Outlier stages are used to record the number of outliers present in a
given dataset over a specified duration. The DHIS2 Data Quality App can
be used to identify individual outliers, but with the DQ Workbench, you
can summarize the number of outliers and store this as a data value in
DHIS2. This allows you to track the number of outliers over time, and to
visualize this data in the Data Visualizer app or in dashboards.

Defining a new outlier stage
----------------------------

To define a new stage, press the *DQ monitor* link in the left menu, and
then click *New outlier stage*. You will be presented with a form to
fill in the details of the outlier stage.
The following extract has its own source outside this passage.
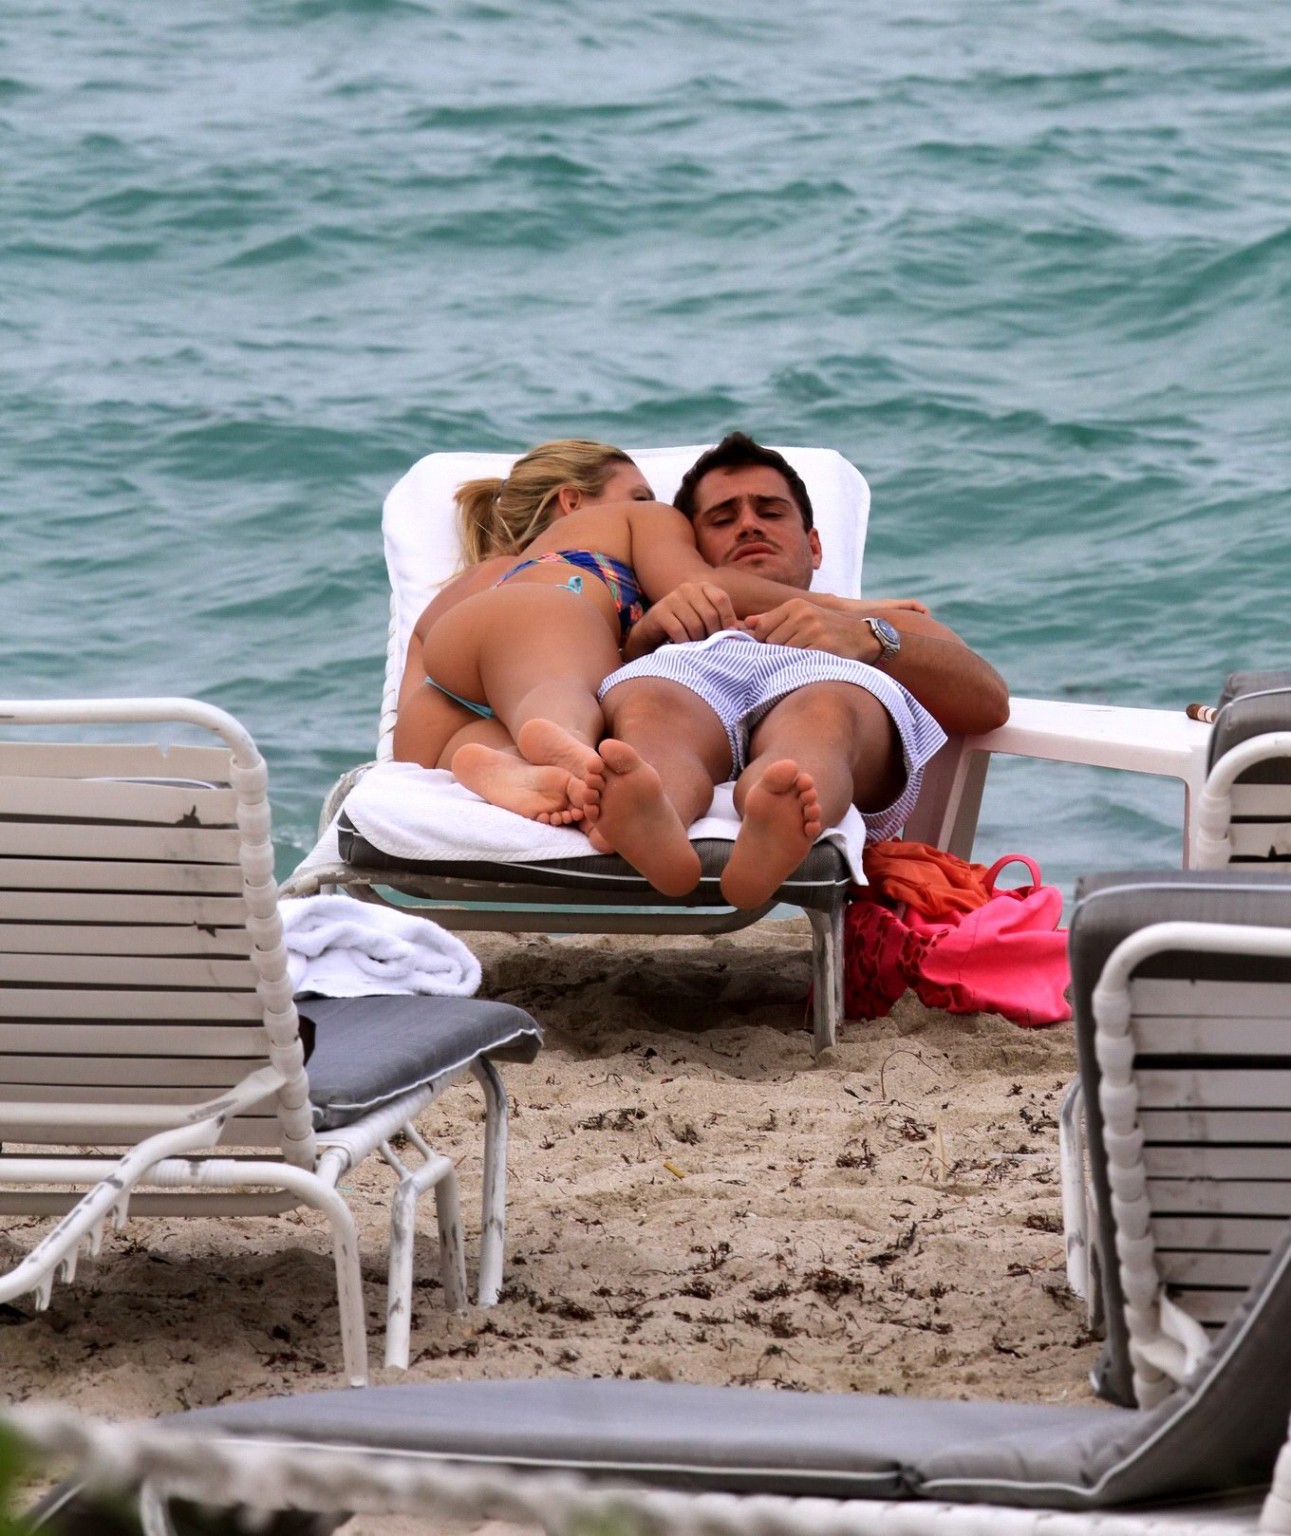 Sofia zamolo in un bikini a perizoma che fa fuori con il suo ragazzo a miami beach
 #75226756

The form consists of the following fields:

``Stage name``
   The name of the outlier stage.

``Org unit level``
   This is the level where the outlier analysis will be started. You may
   need to experiment with this setting to find the best fit for your
   data. The outlier analysis will be performed on all org units at the
   specified level and below. If you set the level to 1, a single
   request will be made to the DHIS2 API for all org units. This may
   result in a set of results which is too large to be returned by the
   API. If you set the level to 2, the outlier analysis will make a
   request for each org unit at level 2 (including all of its children).
   Thus, you can set the org unit level at a lower level to increase the
   number of requests made to the DHIS2 API (which in turn should reduce
   the overall number of individual outlier results returned), but this
   will also increase the time it takes to run the outlier analysis.

``Duration``
   The duration of the outlier stage. This is used to determine the start
   and end dates of the outlier analysis relative to the current date.
   The duration can be specified in days, weeks, months, or years with
   the format ``12 months``, ``3 weeks``, ``7 days``, etc. The type of
   period used here should match the period type of the data set used
   for the outlier analysis. For example, if the data set uses a monthly
   period type, you should use a duration of ``12 months`` to analyze the
   last 12 months of data. If you use a duration of ``3 weeks``, the
   outlier analysis will only analyze the last 3 weeks of data, which
   may not be sufficient to detect outliers in a monthly data set.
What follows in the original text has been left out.